EXERCISE: Could you please reproduce the entries exactly, leaving out any pictures?

RECORDS TO USE:
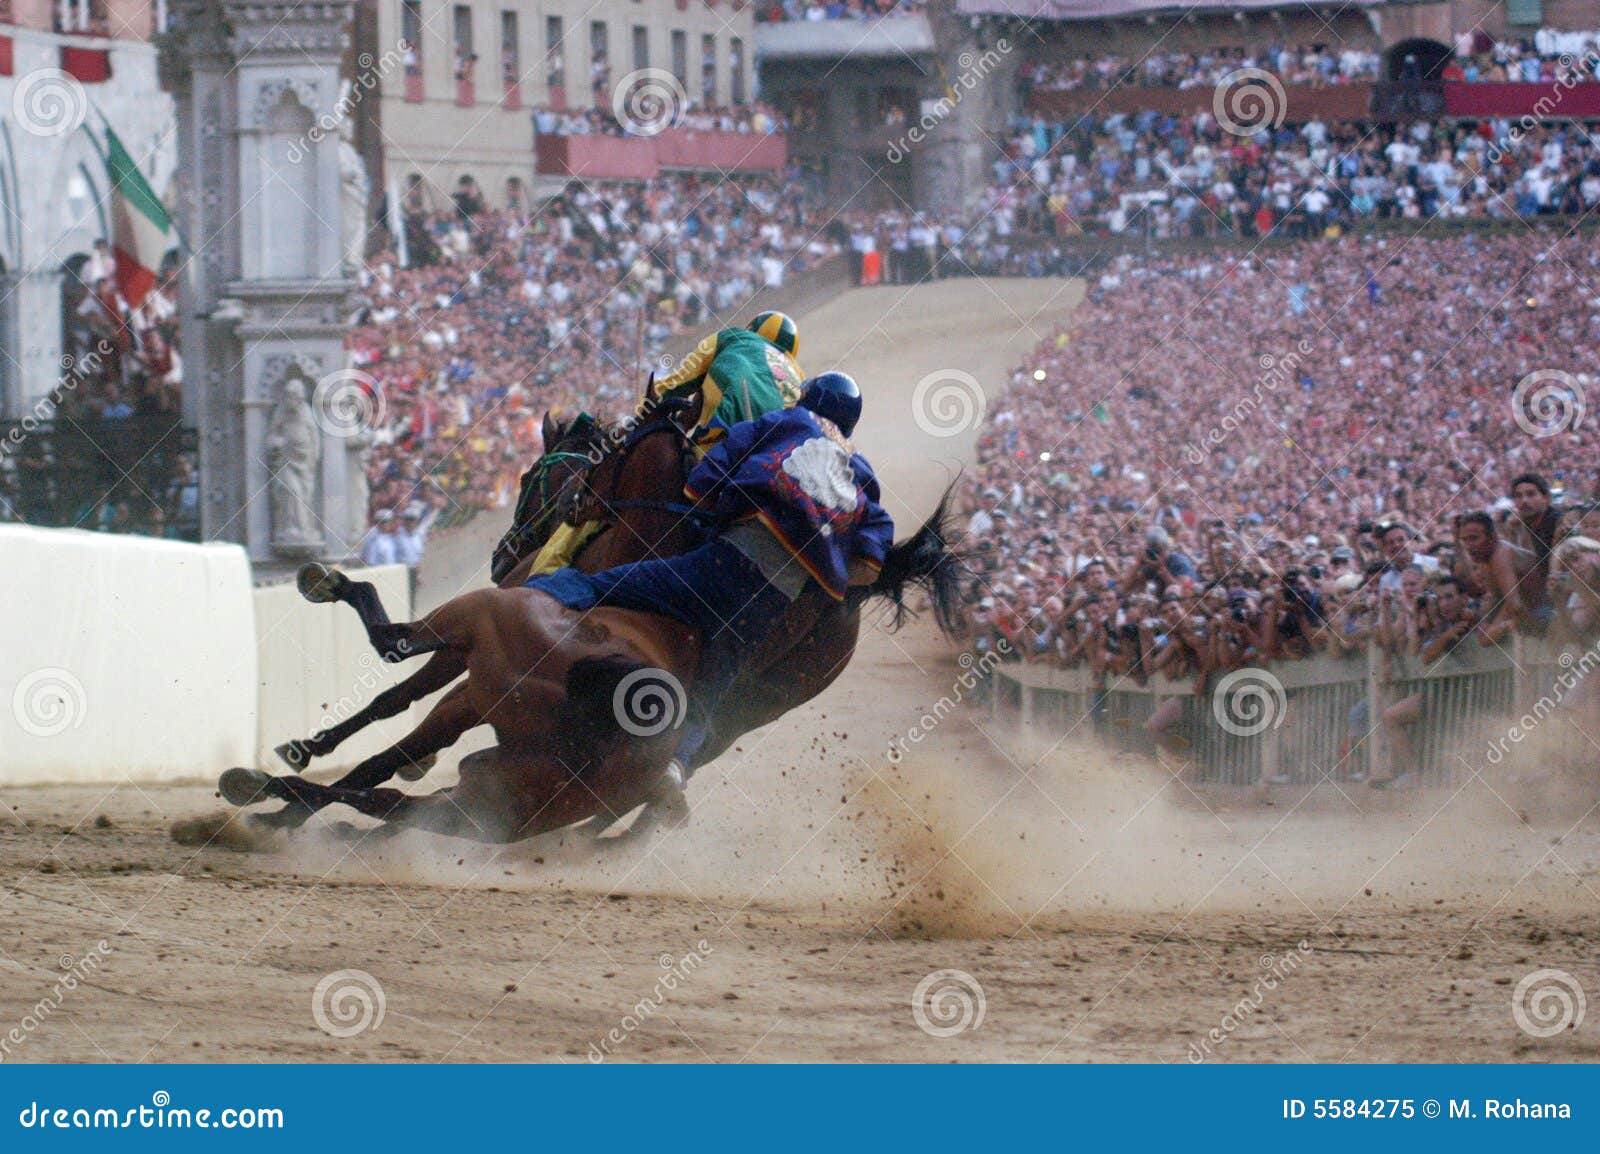 Ongunstig zonlicht huichelarij Siena s palio horse race editorial image. Image of riders - 5584275
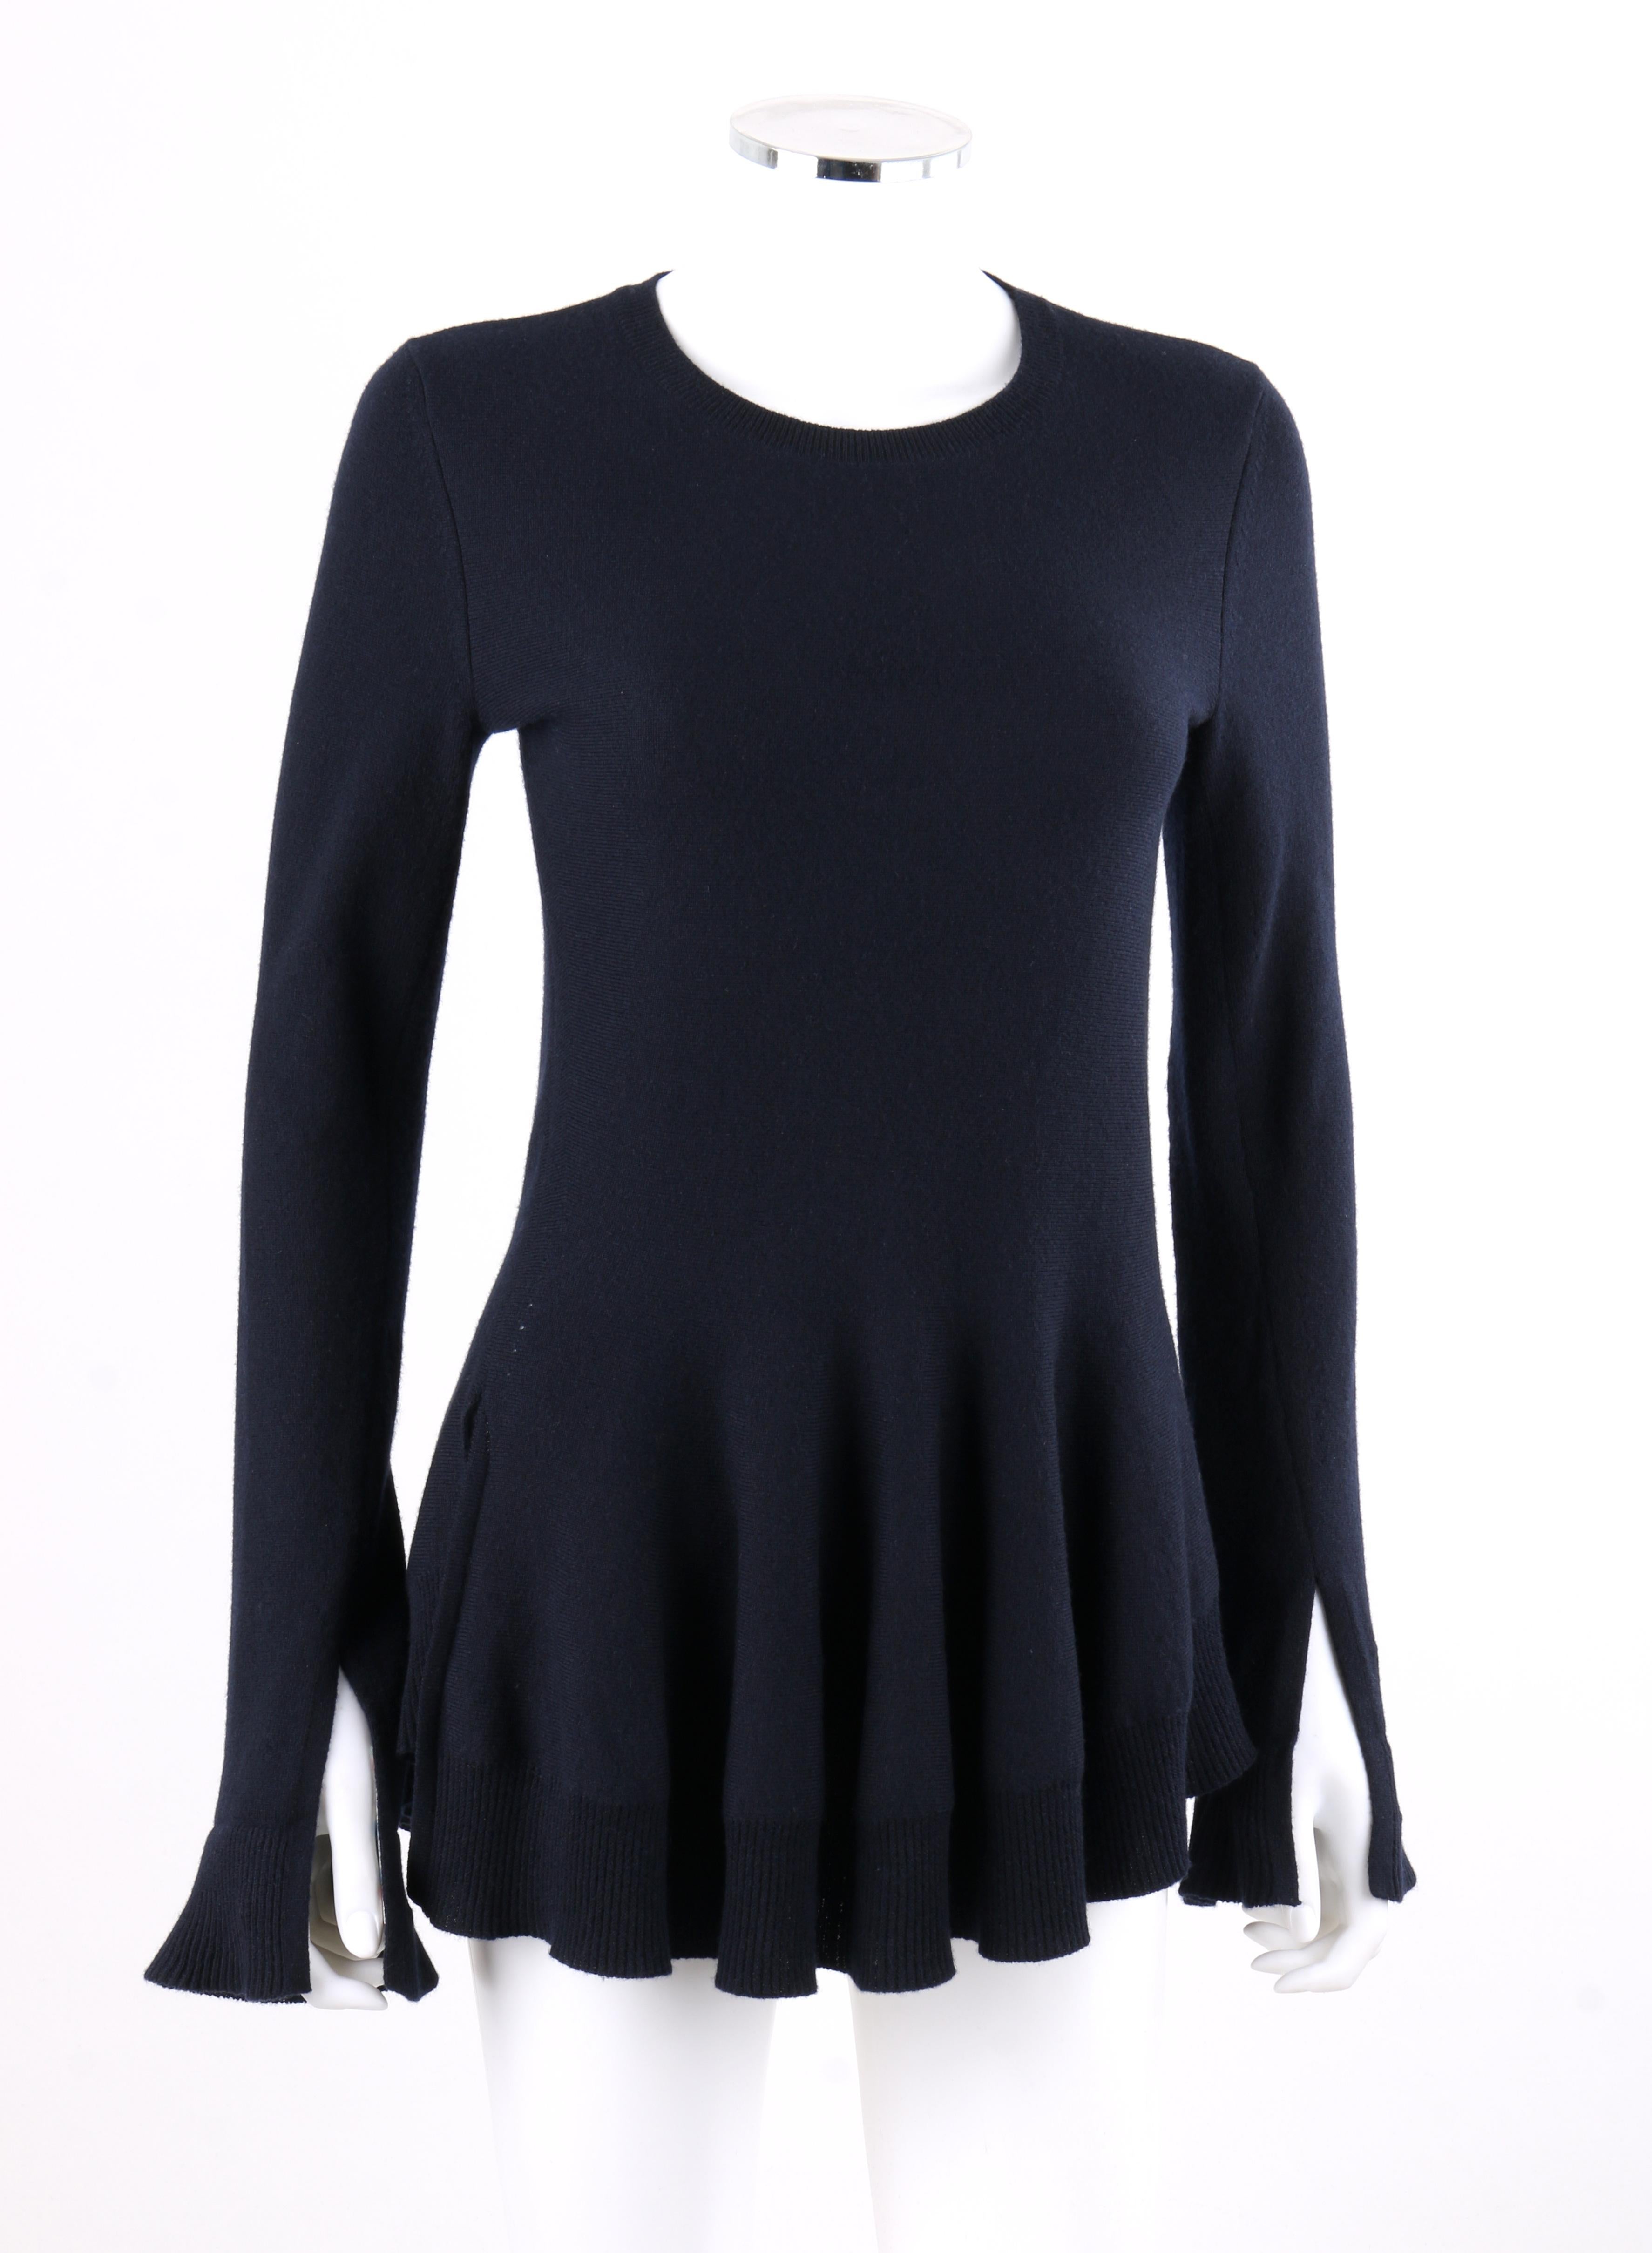 DESCRIPTION: ALEXANDER McQUEEN Navy Blue Cashmere Knit Peplum Sweater
 
Estimated Retail: $1,310
 
Brand / Manufacturer: Alexander McQueen
Collection: 
Designer: Sarah Burton
Manufacturer Style Name: 
Style: Peplum sweater
Color(s): Navy blue
Lined:

WRITTEN ANSWER:
 Ongunstig zonlicht huichelarij Siena s palio horse race editorial image. Image of riders - 5584275
 DESCRIPTION: ALEXANDER McQUEEN Navy Blue Cashmere Knit Peplum Sweater
 
Estimated Retail: $1,310
 
Brand / Manufacturer: Alexander McQueen
Collection: 
Designer: Sarah Burton
Manufacturer Style Name: 
Style: Peplum sweater
Color(s): Navy blue
Lined:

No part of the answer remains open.